2 - already have QueueInfo[] (part 1)

With the way you've defined QueueInfo in your question, it's not helpful. You've only defined a Java-side class but the Pointer class implies a native memory pointer. You should modify your class to extend Structure and use public on your count field. Note that instantiating this structure will only allocate native memory for the int and the Pointer . The memory for the array itself will need to be allocated separately.

3 - allocate float array

As I mentioned in the comments, one way of doing this is to allocate native memory for the float array:

Memory buffer = new Memory(count * Native.getNativeSize(Float.TYPE));

Then assuming you have float[] buf defined you can copy this into the native memory using

buffer.write(0L, buf, 0, count);

You can then just use buffer as the priorities field of your QueueInfo instance.

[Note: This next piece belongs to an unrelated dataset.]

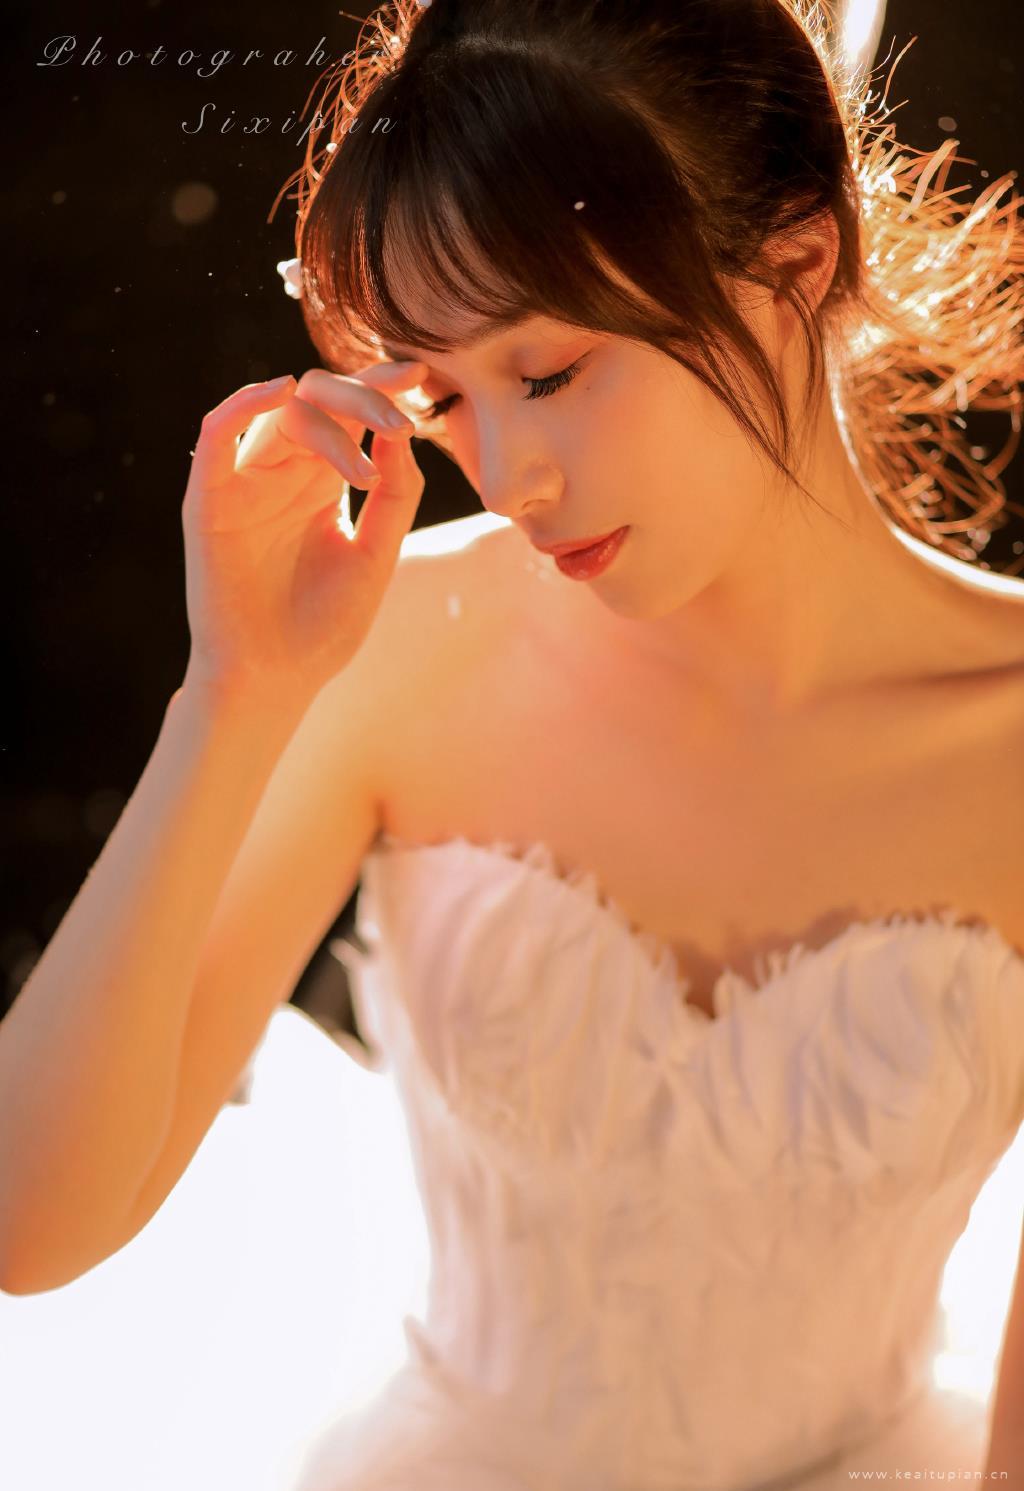 超美深V抹胸裙美女性感大胆写真图片大全

2 - already have QueueInfo[] (part 2)

Now to the question, you can't just set the pointer to the first element unless you know you have a contiguous C-side array. Your choices are using Structure::toArray to allocate the memory (and then populating each element) or separately creating an array of (contiguous) pointers and copying over the Pointer value from your separately allocated structures. For the toArray variant, you don't need a pointer constructor if you directly set the values in the generated array, but the pointer constructor can make copying (from one native memory block to the other) easier.

Summary

Option 1: instantiate separate QueueInfo structures using the Pointer.write() method for the float array. It might be helpful to create a constructor which takes the float[] as an argument and sets the count and allocates and sets priorities variable as described above. Then, create an array of Pointer s for the CreateInfo structure and copy over each element's reference pointer.

Option 2: create an array of structures using Structure::toArray to allocate the native memory; then iterate over this structure and directly create the QueueInfo structures at the appropriate index.